## Data shown
'''

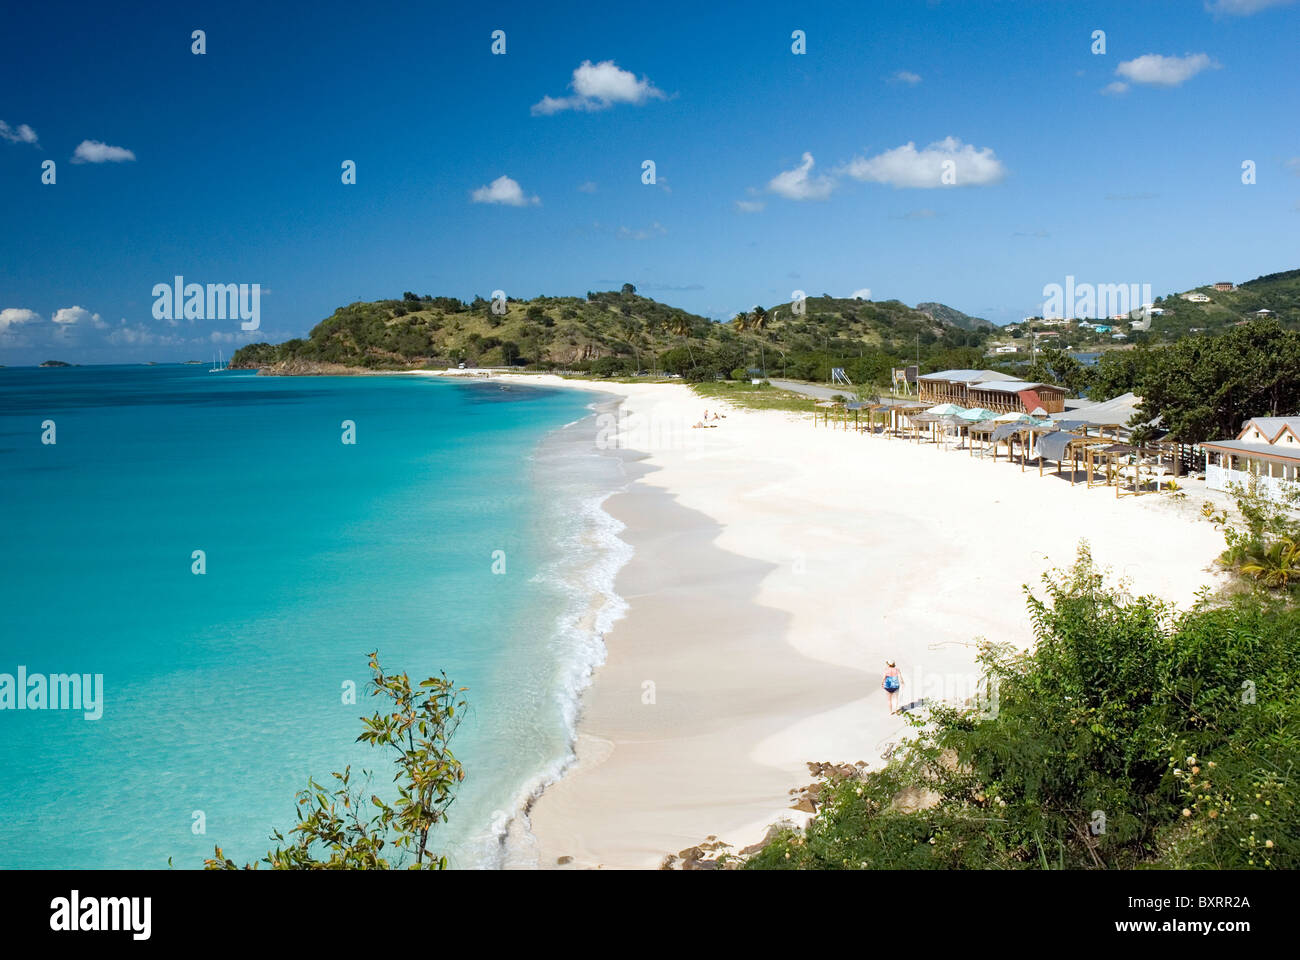 Caribbean, Leeward Islands, Antigua, view of Darkwood beach Stock Photo
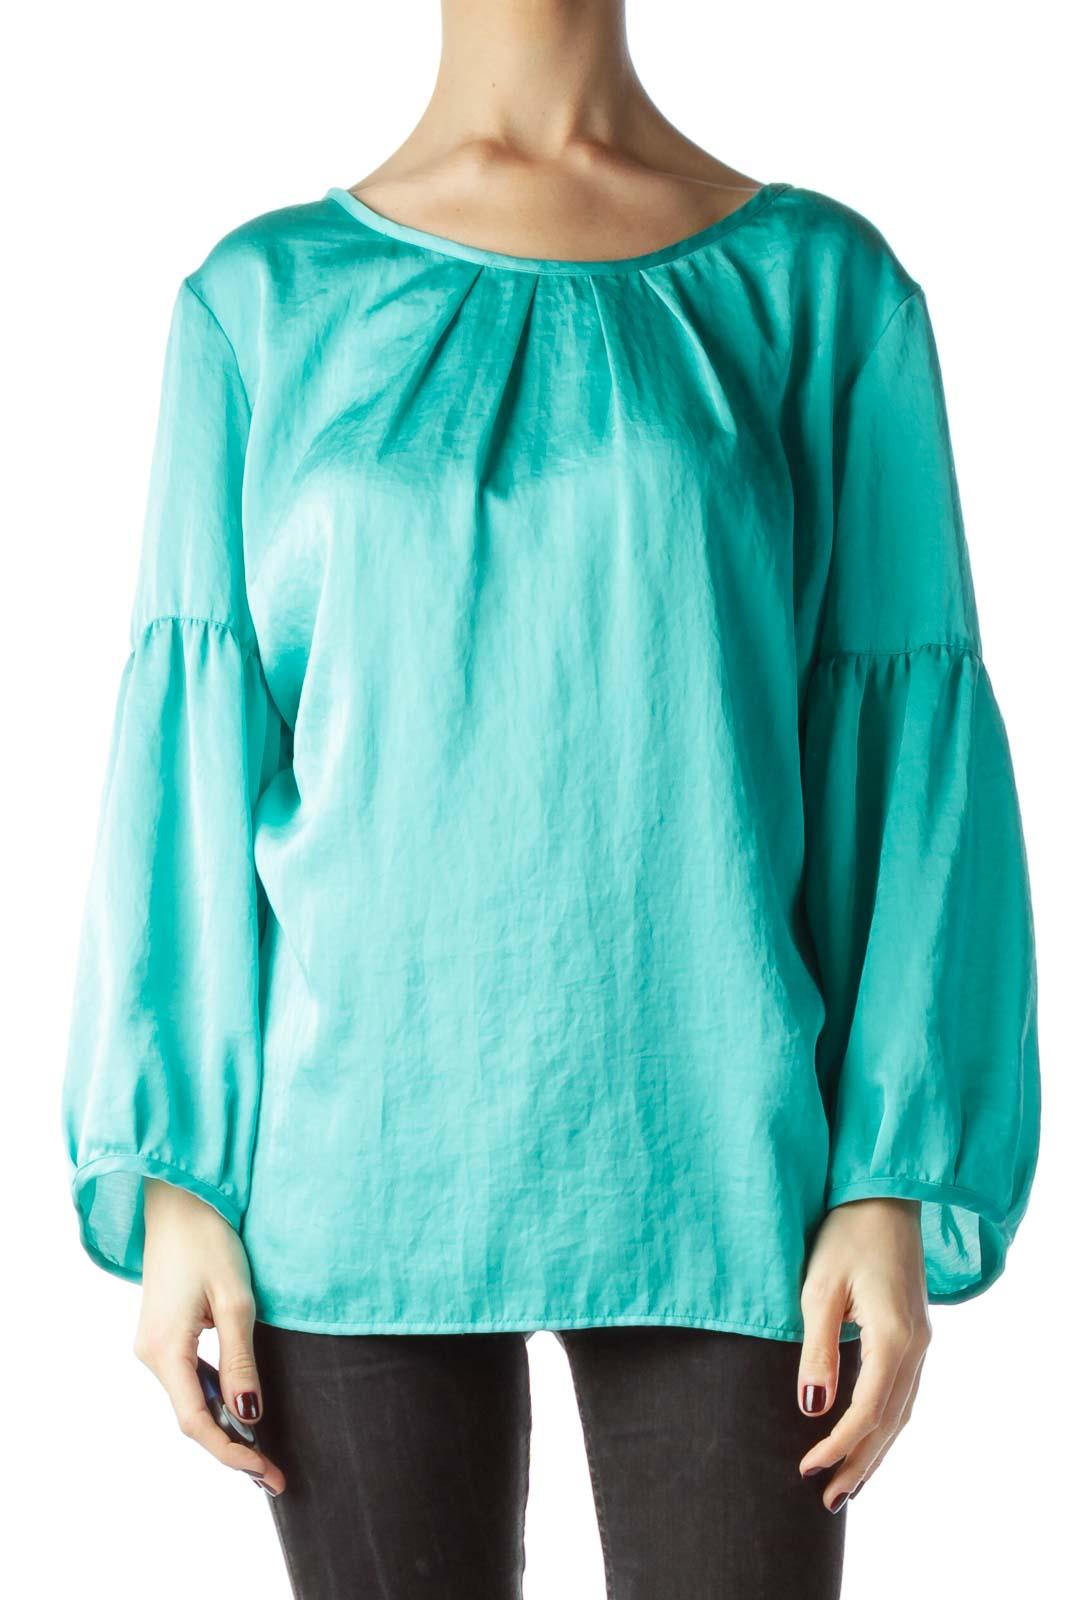 Mint Green Neckline Pleats Shiny Blouse
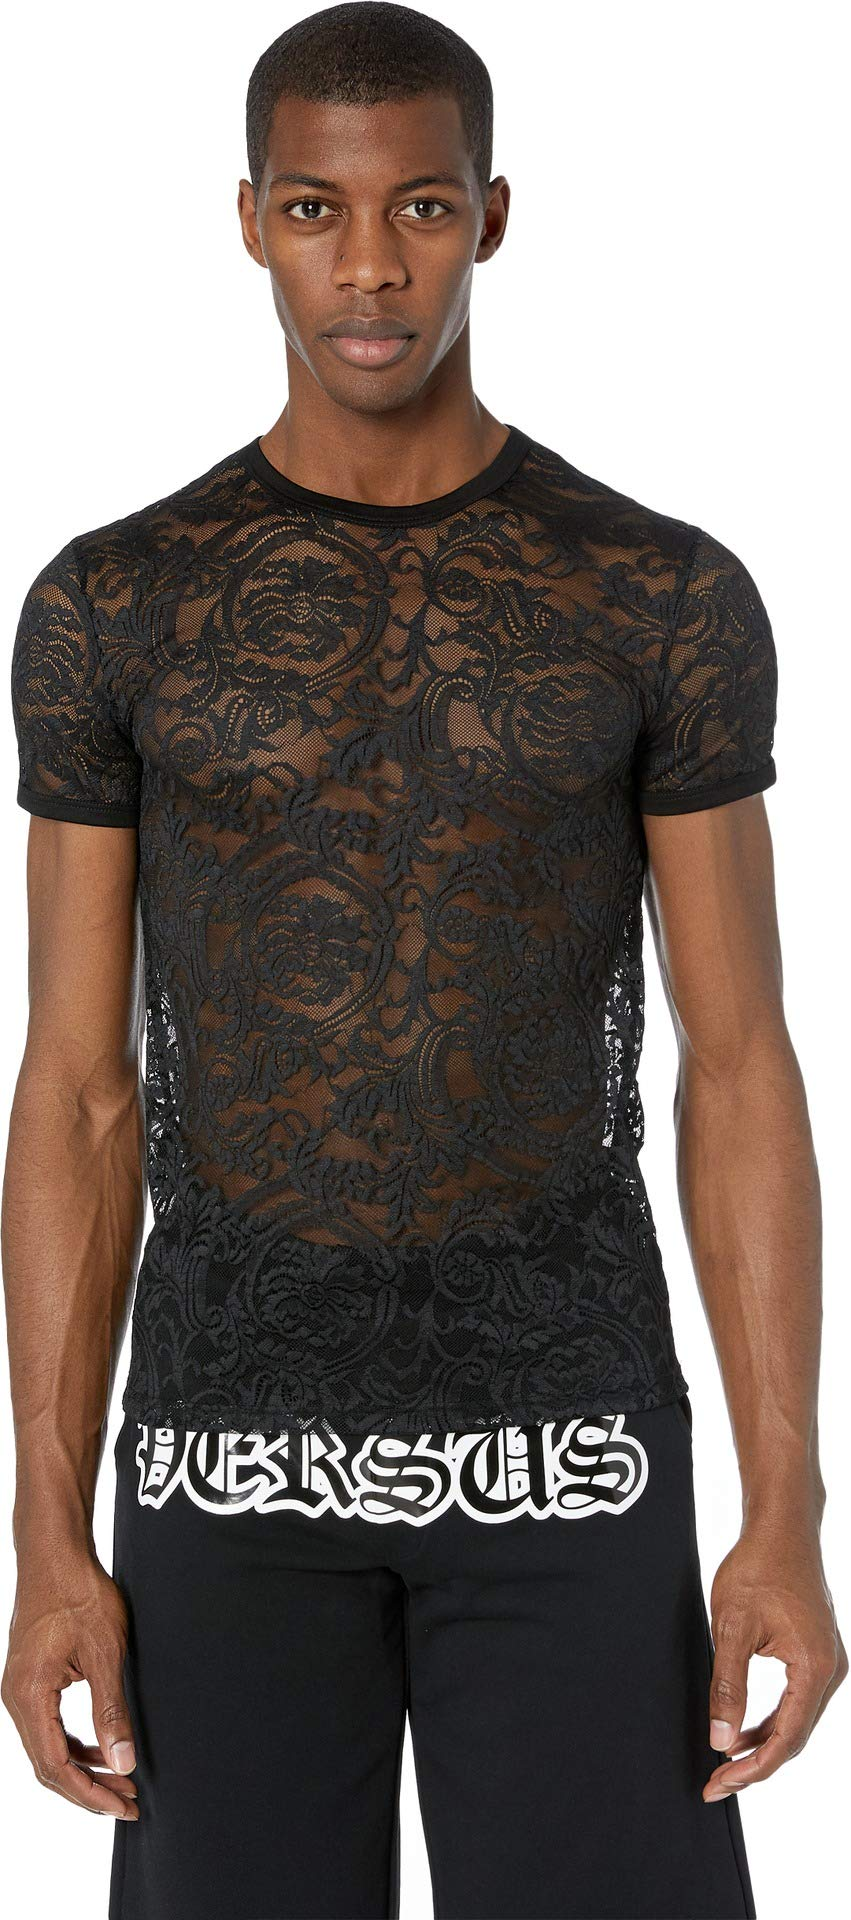 Versace Men's Underwear T-Shirt Black 6

'''

A faithful copy of all the data above is required, printed exactly and with no pictures.

## Written answer
 Caribbean, Leeward Islands, Antigua, view of Darkwood beach Stock Photo
 Mint Green Neckline Pleats Shiny Blouse
 Versace Men's Underwear T-Shirt Black 6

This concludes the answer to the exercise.